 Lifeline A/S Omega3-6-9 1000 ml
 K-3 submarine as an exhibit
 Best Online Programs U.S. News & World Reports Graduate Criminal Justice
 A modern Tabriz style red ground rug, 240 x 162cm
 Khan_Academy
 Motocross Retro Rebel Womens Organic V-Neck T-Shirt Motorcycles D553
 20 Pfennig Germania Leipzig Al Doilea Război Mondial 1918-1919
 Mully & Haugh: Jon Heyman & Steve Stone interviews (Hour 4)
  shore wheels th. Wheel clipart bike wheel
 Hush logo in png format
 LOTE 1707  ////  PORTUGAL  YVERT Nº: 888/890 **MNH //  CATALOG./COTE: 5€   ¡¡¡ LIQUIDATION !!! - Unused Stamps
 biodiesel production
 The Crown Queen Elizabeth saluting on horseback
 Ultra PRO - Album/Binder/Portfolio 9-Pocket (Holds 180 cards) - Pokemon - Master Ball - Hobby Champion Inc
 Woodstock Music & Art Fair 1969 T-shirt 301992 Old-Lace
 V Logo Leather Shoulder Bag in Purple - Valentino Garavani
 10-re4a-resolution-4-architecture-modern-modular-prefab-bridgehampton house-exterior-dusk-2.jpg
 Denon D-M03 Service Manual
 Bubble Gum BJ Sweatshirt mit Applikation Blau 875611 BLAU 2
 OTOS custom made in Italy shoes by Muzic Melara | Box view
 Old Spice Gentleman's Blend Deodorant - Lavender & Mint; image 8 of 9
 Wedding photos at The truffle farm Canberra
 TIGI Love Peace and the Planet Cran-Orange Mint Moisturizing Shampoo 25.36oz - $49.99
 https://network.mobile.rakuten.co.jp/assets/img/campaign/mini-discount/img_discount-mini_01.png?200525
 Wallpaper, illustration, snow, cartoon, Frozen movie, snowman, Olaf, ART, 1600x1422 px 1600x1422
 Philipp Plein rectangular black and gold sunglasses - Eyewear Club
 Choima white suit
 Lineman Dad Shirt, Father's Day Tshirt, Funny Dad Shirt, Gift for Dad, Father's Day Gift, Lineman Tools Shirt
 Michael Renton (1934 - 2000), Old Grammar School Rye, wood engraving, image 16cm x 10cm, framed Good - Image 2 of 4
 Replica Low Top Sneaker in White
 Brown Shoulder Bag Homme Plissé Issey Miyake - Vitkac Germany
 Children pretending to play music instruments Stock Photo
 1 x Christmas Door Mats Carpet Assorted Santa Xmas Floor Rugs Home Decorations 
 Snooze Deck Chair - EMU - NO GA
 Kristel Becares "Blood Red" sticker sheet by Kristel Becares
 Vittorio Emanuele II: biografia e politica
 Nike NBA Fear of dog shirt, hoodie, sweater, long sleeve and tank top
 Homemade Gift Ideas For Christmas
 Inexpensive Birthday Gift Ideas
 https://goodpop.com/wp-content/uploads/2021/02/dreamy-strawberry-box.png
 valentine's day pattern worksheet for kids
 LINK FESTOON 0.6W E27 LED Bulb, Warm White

**Required action:**
Exactly as they appear above, output the lines of the data from the first through the one that contains "Michael Renton (1934", and only those lines.

**Solution for this problem:**
 Lifeline A/S Omega3-6-9 1000 ml
 K-3 submarine as an exhibit
 Best Online Programs U.S. News & World Reports Graduate Criminal Justice
 A modern Tabriz style red ground rug, 240 x 162cm
 Khan_Academy
 Motocross Retro Rebel Womens Organic V-Neck T-Shirt Motorcycles D553
 20 Pfennig Germania Leipzig Al Doilea Război Mondial 1918-1919
 Mully & Haugh: Jon Heyman & Steve Stone interviews (Hour 4)
  shore wheels th. Wheel clipart bike wheel
 Hush logo in png format
 LOTE 1707  ////  PORTUGAL  YVERT Nº: 888/890 **MNH //  CATALOG./COTE: 5€   ¡¡¡ LIQUIDATION !!! - Unused Stamps
 biodiesel production
 The Crown Queen Elizabeth saluting on horseback
 Ultra PRO - Album/Binder/Portfolio 9-Pocket (Holds 180 cards) - Pokemon - Master Ball - Hobby Champion Inc
 Woodstock Music & Art Fair 1969 T-shirt 301992 Old-Lace
 V Logo Leather Shoulder Bag in Purple - Valentino Garavani
 10-re4a-resolution-4-architecture-modern-modular-prefab-bridgehampton house-exterior-dusk-2.jpg
 Denon D-M03 Service Manual
 Bubble Gum BJ Sweatshirt mit Applikation Blau 875611 BLAU 2
 OTOS custom made in Italy shoes by Muzic Melara | Box view
 Old Spice Gentleman's Blend Deodorant - Lavender & Mint; image 8 of 9
 Wedding photos at The truffle farm Canberra
 TIGI Love Peace and the Planet Cran-Orange Mint Moisturizing Shampoo 25.36oz - $49.99
 https://network.mobile.rakuten.co.jp/assets/img/campaign/mini-discount/img_discount-mini_01.png?200525
 Wallpaper, illustration, snow, cartoon, Frozen movie, snowman, Olaf, ART, 1600x1422 px 1600x1422
 Philipp Plein rectangular black and gold sunglasses - Eyewear Club
 Choima white suit
 Lineman Dad Shirt, Father's Day Tshirt, Funny Dad Shirt, Gift for Dad, Father's Day Gift, Lineman Tools Shirt
 Michael Renton (1934 - 2000), Old Grammar School Rye, wood engraving, image 16cm x 10cm, framed Good - Image 2 of 4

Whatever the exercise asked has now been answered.